Is that sharding thing invented because MySQL hadn’t proper remote table support?
Curt Monash on February 25th, 2011 2:37 pm

Camuel,

You raise good points. Thanks.

That said, we were already calling analytic DBMS “MPP” when their inter-node communication was weak and the “fat head” nodes had way too much to do.

Also, I suspect the term “auto-sharding” means something different than you think it does. Specifically, I think it refers to a feature that’s very good to have when you also have transparent sharding, namely that data gets somehow resharded intelligently and/or in the background when resharding is needed.
Doron Levari on February 25th, 2011 2:45 pm

Very well written.

I think the major news here, is that we should stop looking at the term “sharding” as a technical data-access-layer development solution, but rather a complete transparent MPP database solution.
If we look this way, then sharding is just the beginning. Other “secret sauces” are required such as synchronization, joins, aggregation of results (ORDER BY, GROUP BY, LIMIT, COUNT(*), etc.). For example, keeping some data replicated along several shards might reduce 90% of cross-shard joins.
Camuel Gilyadov on February 25th, 2011 3:17 pm

Curt,

I agree, categorization is not always clearly cut and fat-heads MPP are bordering case, as may be the rare cases of sharding where pretty complex SQL are sent to the nodes instead of simpler lookups and bulk retrievals.

regarding autosharding: I confess I don’t know… I also confess I don’t see much difference between sharding and partitioning and if ORM such as hibernate is used, particularly with coherent transactional caching. I don’t understand why that ORM doesn’t constitute sharding.
Curt Monash on February 25th, 2011 4:28 pm

Camuel,

I’m proposing extending the meaning or at least usage of “sharding” over time, once we have the transparent/non-transparent distinction worked out.

I’m going with the word “sharding” rather than “partitioning” or “distribution” for three reasons:

1. Shorter. 🙂
2. Less overloaded (yes, the other choices are worse in that regard).
3. The term of choice in the area where clarification was most needed (what I’m now calling IRP).
Camuel Gilyadov on February 25th, 2011 7:11 pm

yep, that makes sense.
Eric Kraemer on March 3rd, 2011 2:14 pm

my understanding is limited in scope by deep knowledge of only 4-5 vendors in this space, but my perception is that the terms Distribution and Sharding are used to describe different concepts.

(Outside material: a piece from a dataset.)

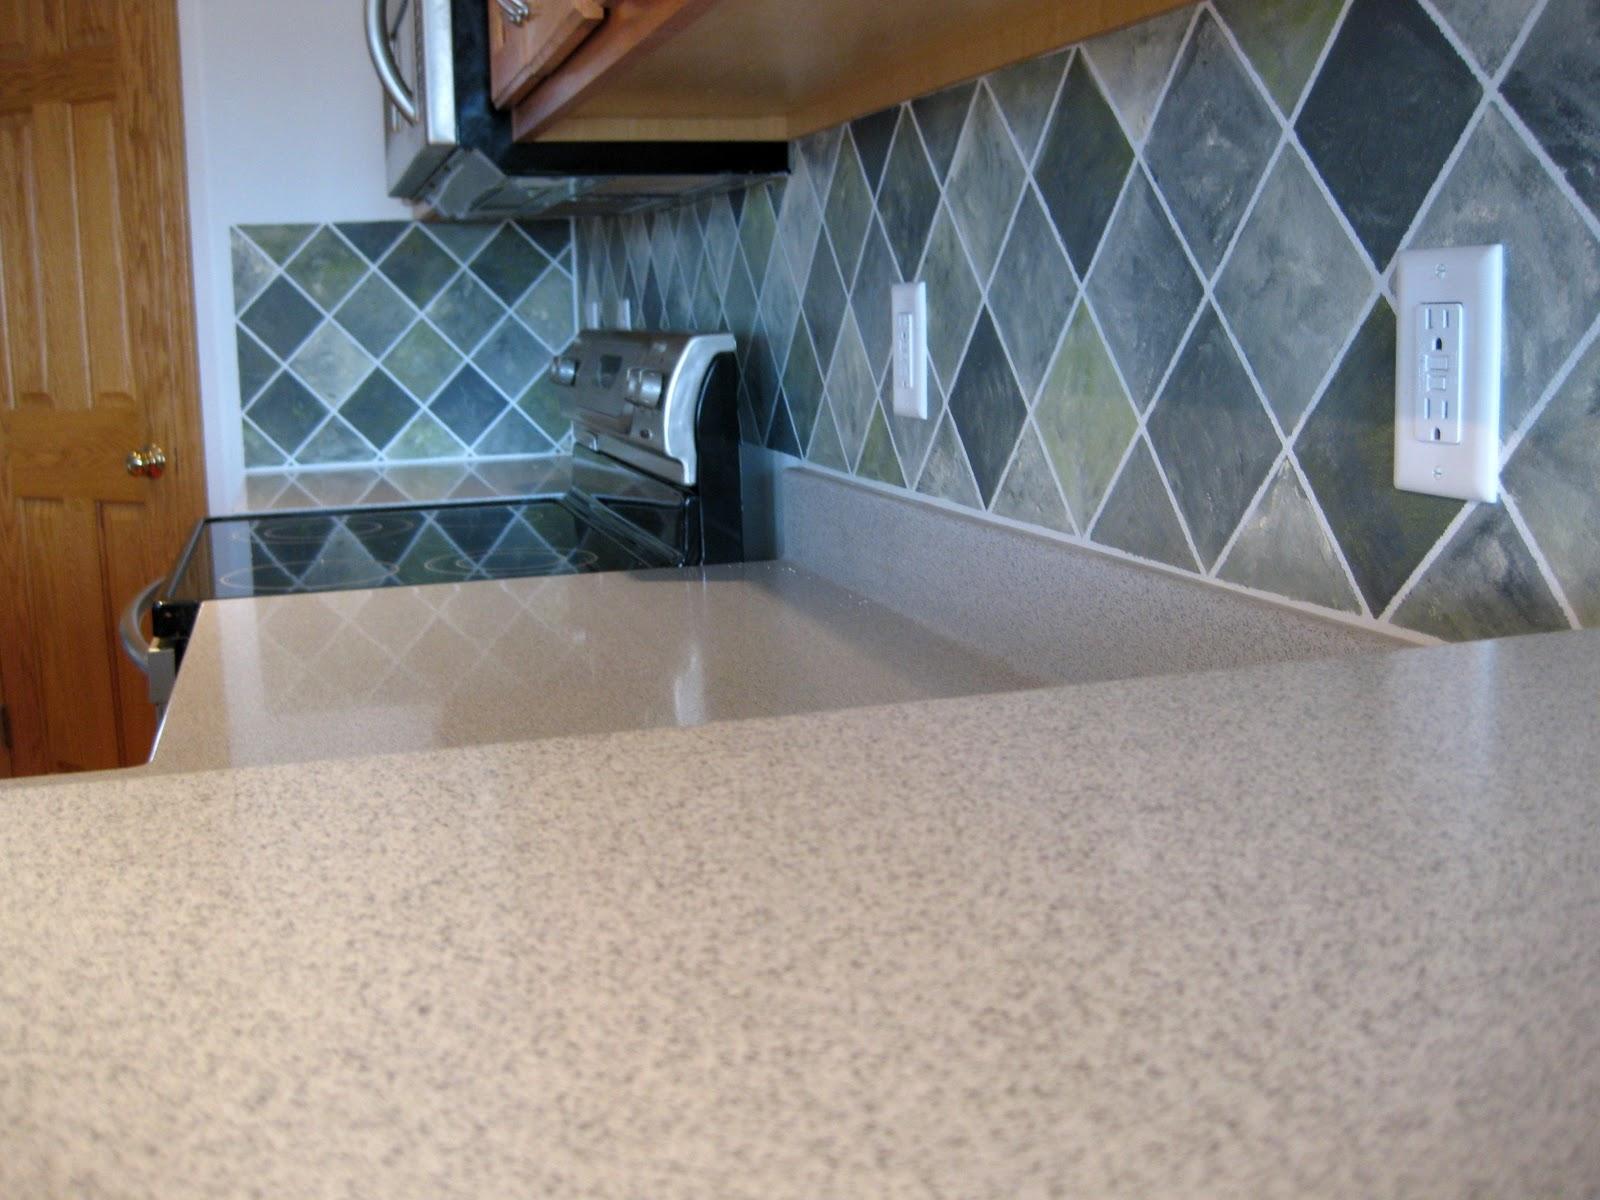 Faux Backsplash Ideas Part - 40: Faux Painted Tile Backsplash

I’ve always associated sharding with clustering – the scale-out approach to clustering.

Cluster – USers are associated with a cluster instance or some form of workload balancing directs users or queries to an instance.

Sharding – Cluster becomes smarter – objects can be partitioned across instances in the cluster. Partition is range,list,hash in standard DDL. Queries can be directed by partition qualification (restriction, or join if sophisticated enough). A single user query always executes in 1 and only 1 database instance at any one time.

When a sharded enviroment starts executing a single user query, in one or many pieces, across more than one instance concurrently it becomes an “MPP” database environment.

I’ve always associated distribution with hash allocation of tables over many shared-nothing nodes as an automatic feature – this is not a function of the standard SQL DDL (which partitioninig is). Maybe a better way of saying this is that a distributedt able in an MPP system has the same DDL on every node – a sharded table has different DDL on every cluster instance (only 1 of many partition ranges). In a distributed MPP database scheme an engine must exist to re-write queries to enforce distribution compatibility. This allows a user query to run on many instances in parallel.

A scan of one date partition in a distributed MPP database will execute in roughly 1/nodecount of the time it would execute in a parition sharded scan of the same data partition. THis is because the distributed table partition is hashed across many nodes (distribution is applied before partitioning) – the sharded parition exists in whole on 1 node.
Curt Monash on March 3rd, 2011 8:15 pm

Eric,

You’re citing common uses for each term. But “cluster” — which can be both a noun and a verb — is seriously overloaded. I was surprised to learn that “sharding” isn’t just what the world’s biggest MySQL sites do. You made a small error in saying that the kind of distribution you are talking about is always based on a hash — it can be purely round-robin as well, and that’s in fact the only option in some systems (e.g. Kognitio). Beyond that, the term “distribution” is overloaded as well.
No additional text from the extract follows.